This dish is best enjoyed as soon as you make it because the flavors are freshest immediately after assembling the dish. If you don’t think you can finish the entire dish, do not toss the zucchini noodles in the avocado pesto. Store the noodles and sauce separately in the fridge and eat within the next couple days.
- Prep Time:10m
- Total Time:10m
- 3 medium zucchini, spiralized
- 1 ripe avocado, pitted and peeled
- 1 c loosely-packed fresh basil leaves
- 1 tbsp. extra-virgin olive oil
- 3 tbsp. freshly-squeezed lemon juice
- 1 clove garlic, minced
- 1 tbsp. nutritional yeast
- pinch of sea salt
- pinch of pepper
- 1 c cherry tomatoes, halved
- After spiralizing the zucchini noodles, place them in a strainer in the sink and sprinkle a little sea salt on them to help draw out some of the moisture.
- Add the avocado, basil, olive oil, lemon juice, garlic, nutritional yeast, and sea salt and pepper in a blender and blend until smooth.
- Rinse the zucchini noodles and gently pat them dry with some paper towels.

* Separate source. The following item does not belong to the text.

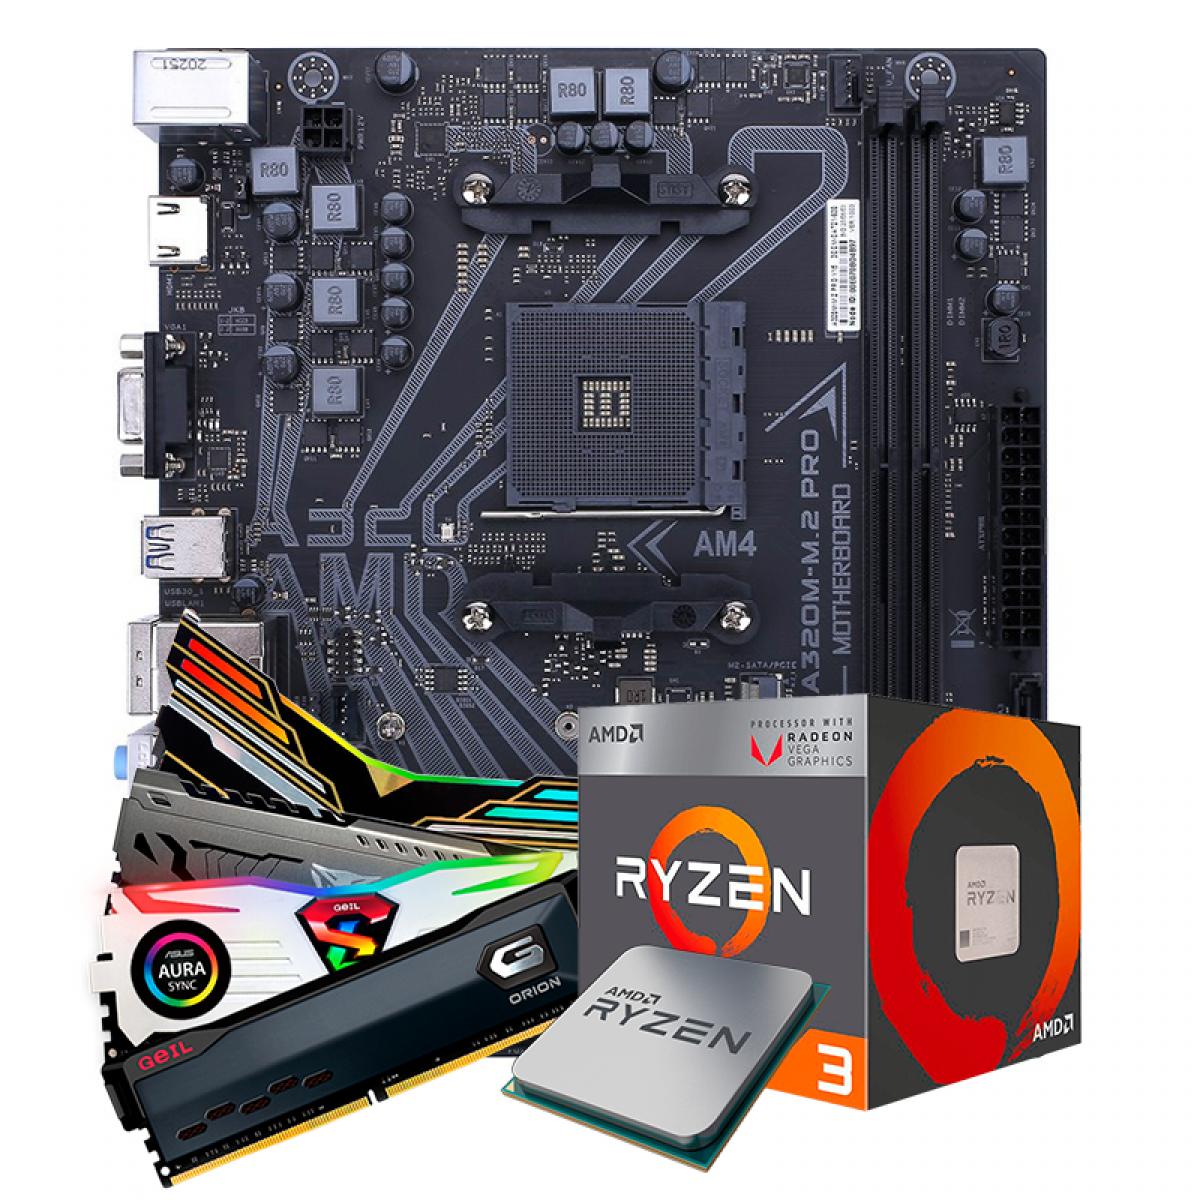 Kit Upgrade, AMD Ryzen 3 2200G, Colorful A320M-M.2 PRO V15, Memória DDR4 8GB 3000MHz
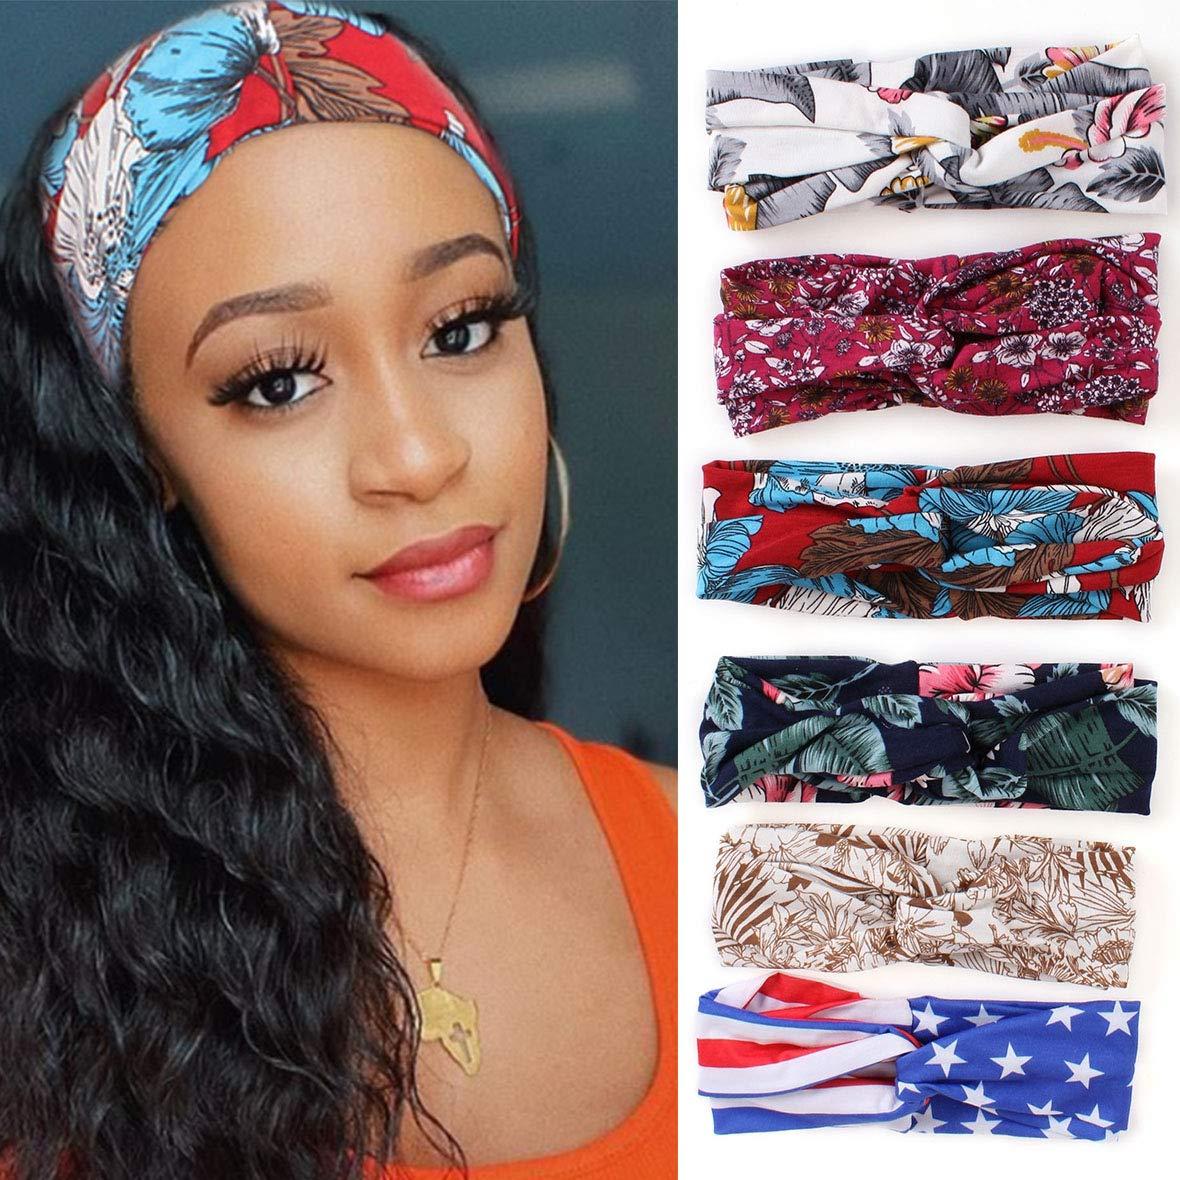 Xtrend 6 Pcs Women's Max 62% OFF Headband Twi Flower Printing New products, world's highest quality popular! Boho Headbands

- Add the zucchini noodles to a large mixing bowl and pour the avocado pesto over them. Toss to coat all of the noodles and then add the cherry tomatoes. Serve and enjoy.
- If you have leftovers, they will keep fresh in an airtight container in the fridge for up to 24 hours. You can always store noodles and pesto separately to stay fresh for a couple days.